There are questions over the legalities of wars in Syria and Iraq, but those regions were exceptionally volatile and conflict-ridden anyway. Just as a footnote, there are 250 mass graves in Iraq that are dating from 1979-2003, the time of Saddam's rule. I don't know how that can be blamed upon the West. Anyone who is of the Shiite faith or who is Kurdish will be glad that the world was rid of Saddam. As a hardline Sunni, Saddam did not view them as being Iraqi, so he felt that he could do with them what he wished.

Regardless of how you feel about Ukraine under its current rule, Iraq was a country where in a single year literally tens of thousands of kurds were killed using chemicals, and that is verified by independent human rights groups. I don't know how this can be compared to the situation in the Ukraine, which despite having problems with separatists, has nothing approaching that level of outright genocide of people on ethnic grounds.

Assad was arguably far worse than even Saddam. It was the world's responsibility to get rid of them and had the west done nothing, people still would have died unjustly. Again, this is not comparable to the situation in the Ukraine. Atrocities were happening in the region and would have gone on happening without intervention.

The Ukrainian conflict is an entirely different proposition and is about a hostile invading force taking over a peaceful country that has long been concerned for its safety since Soviet rule broke down.

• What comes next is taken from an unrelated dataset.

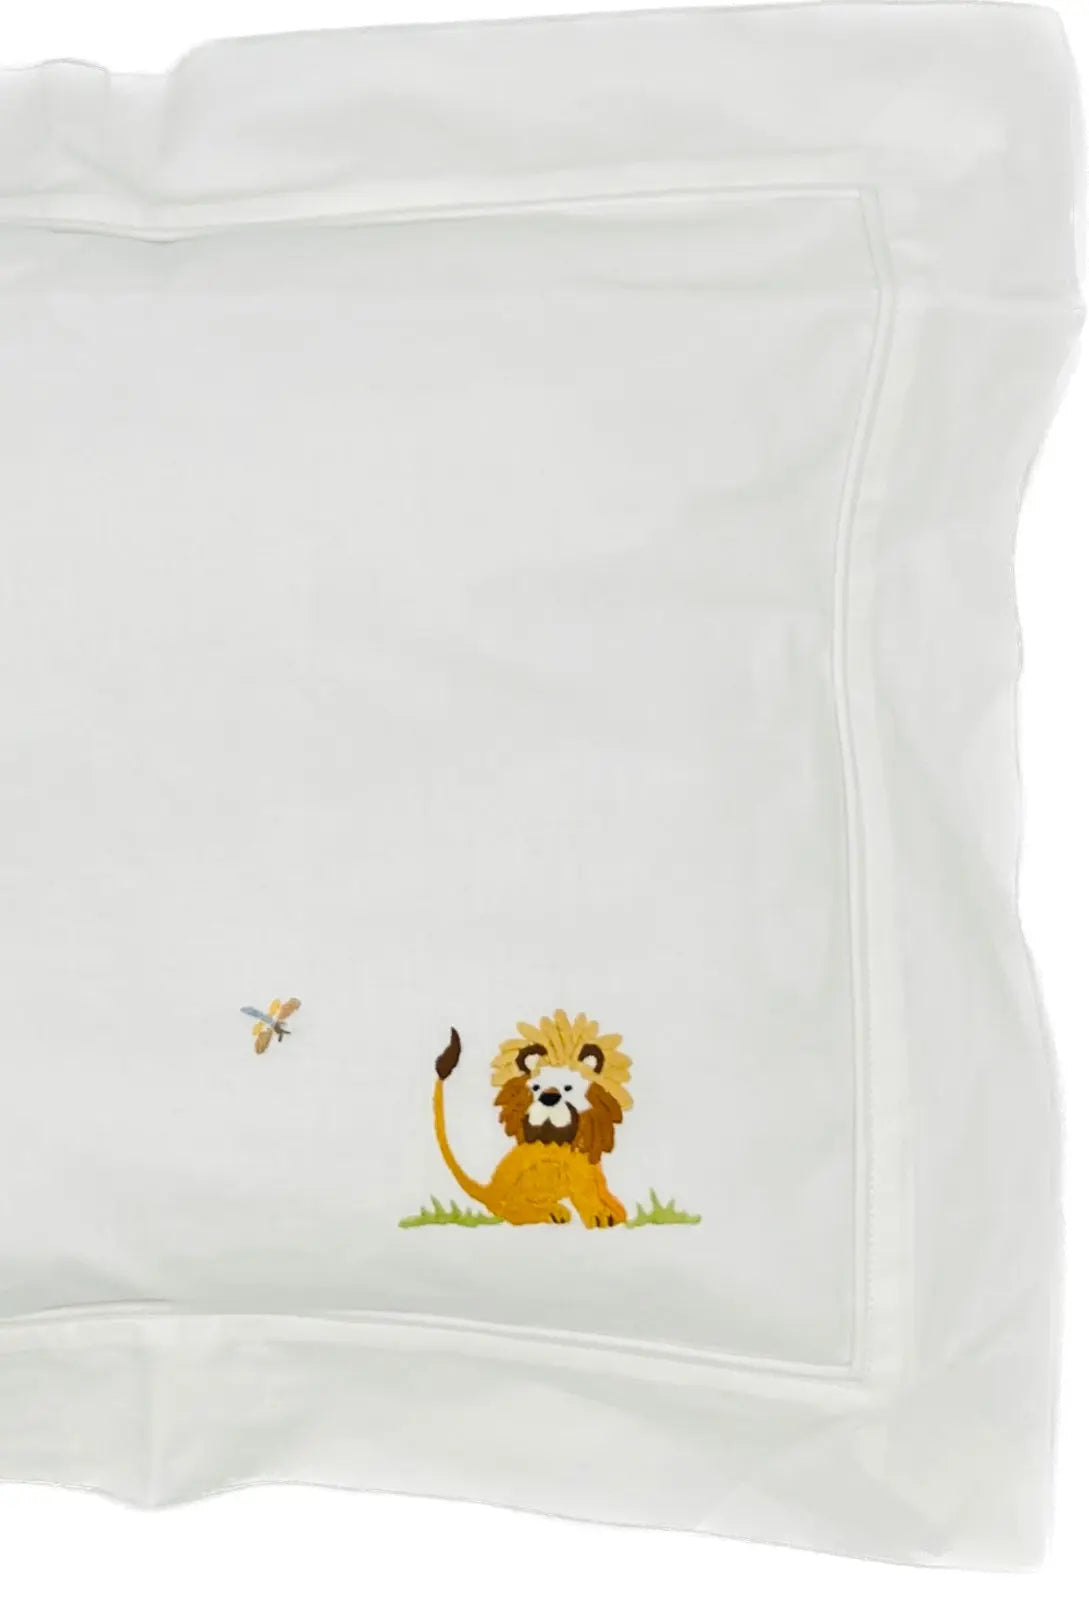 Boudoir pillowcase "safari" white-Towels & bedlinen-Gordonsbury-Blue Almonds-London-South Kensington

I really don't think we do ourselves any favours by comparing like-for-like with ME wars. It merely fudges a very complex issue. In saying that, I do believe that opposition towards Western intervention often manifests as unwitting tacit support for blood-lust dictators, and their right to hold entire ethnic groups under their anvil.
Well said.
 
As the Kenyan delegate to the UN noted the other day, it serves no good in a post-colonial world to continually resurrect these arguments, when former empire or former colony.



Unfortunately many African nations didn't actually do what he just said.

He is right though.
 
Just talked to someone in Odessa

Was told its calm at the moment, but there are 6 ships with 4,000 troops loitering offshore. Beaches have been heavily mined, apparently.

Stupid question perhaps but are mines permissible warfare? Always thought they were outlawed for some reason.